¡GLUP!
El tipo, “alguna
vez empleado bancario y dirigente sindical”, “ha
convertido su curul en trinchera vociferante para la caída del que él
llama ‘Traidor’…”. Esto escribió el FelinoEscribidor
hace siete días, en esta misma columna.
Pero además, reprodujo una frase del tipo: “...¿Golpistas
nosotros?, ¡por favor!, aquí el único golpista es el
Gran Traidor de la esquina del frente...”.
Y dijo el GatoMalandrín algo más: “¿Quién
es el tipo?, ¿quién puede ser? Adivine, adivinador”.
Y el tipo respondió, vía e-mail:
"
Te devuelvo gentilezas, GatoRufián, GatodeMontesPardos, ¿Crees
que me asustas?: ¡nunca minino de bigote caído! Sí, fui
bancario, dirigente sindical y ahora tengo un curul, GatoCimarrón. ¡Y
qué! No te me asustes tú, GatoPeludo, tú que andas
por los tejados y que por eso miras desde tus alturas las cosas distintas,
es
decir, distorsionadas, GatoMojigato.
“
Y me ratifico: no se trata sólo de una traición del TRAIDOR,
sino de oportunismo, GatoDesinformado. Porque ese señor —ya
es hora de que te enteres GatoPillastre— tuvo mucho tiempo para evitar
la matanza de Warisata y de Senkata. ¿Y me puedes decir que hizo para
evitarla GatoRufián? ¡Nada, absolutamente nada!, igual que tú —que
esperas asechando en tu columna— el TRAIDOR estuvo asechando el momento
para saltar al poder. Hizo cálculos, hizo números, contó los
días junto a los muertos. Y ellos —sólo ellos GatitoBueno— eran
el pasaje que necesitaba para la sucesión.
“
Pero además, GatoPardo, este señor, sabía que el Zorro
era una porquería, que prefería la bala antes que el análisis.

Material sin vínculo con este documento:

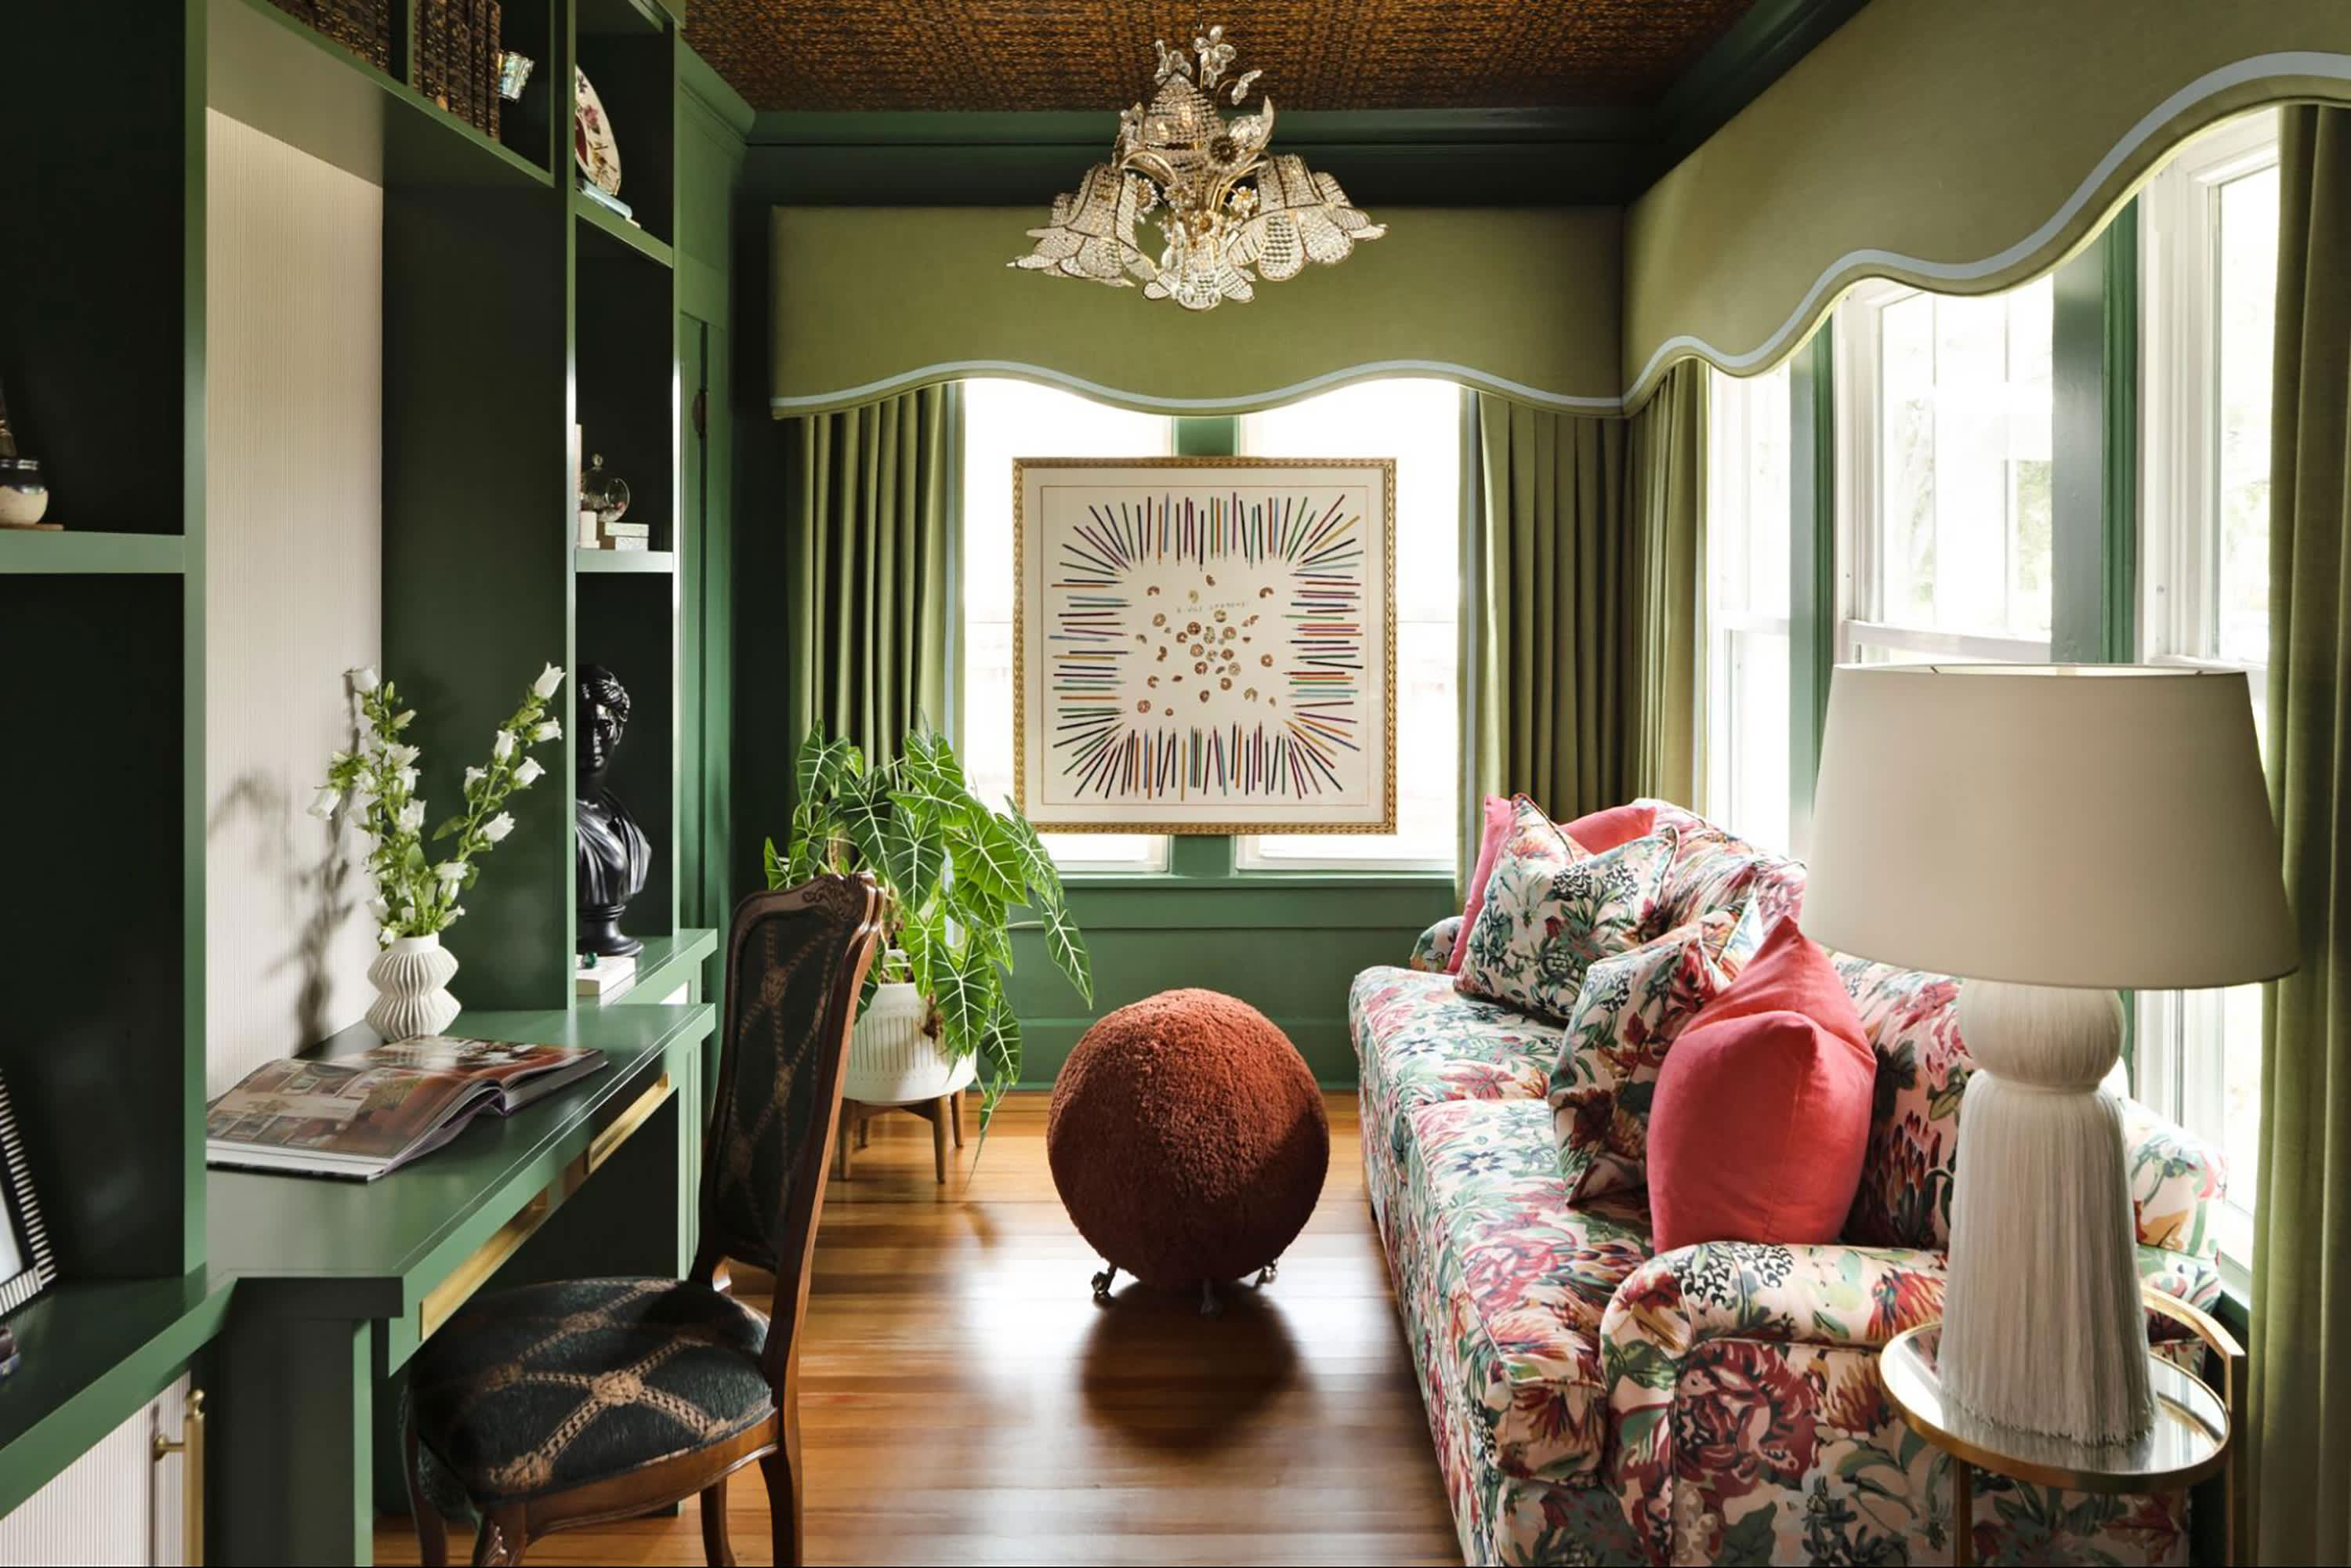 Cobalt Blue and Jade Green Color Scheme for Living Room

No sabes pensar, sólo maullar, GatoMalaLeche, y lo peor es que te
prestas a defender lo que no conoces. ¡Pobre GatoEscaldado! Finalmente,
adivina qué puede pasar si se conoce que este señor —el
TRAIDOR— también recibió, de ciertos dineros oscuros,
un porcentaje para pagar sus deudas mediáticas.
“ Saludos:
El Adivinador”.
[Leída
que fue la carta de respuesta, tan generosa en adjetivos, tan vaporosa
en sus disquisiciones y tan venenosa en sus apreciaciones, al GatoWeb
no le quedó más que tragar saliva, emitir un ¡GLUP!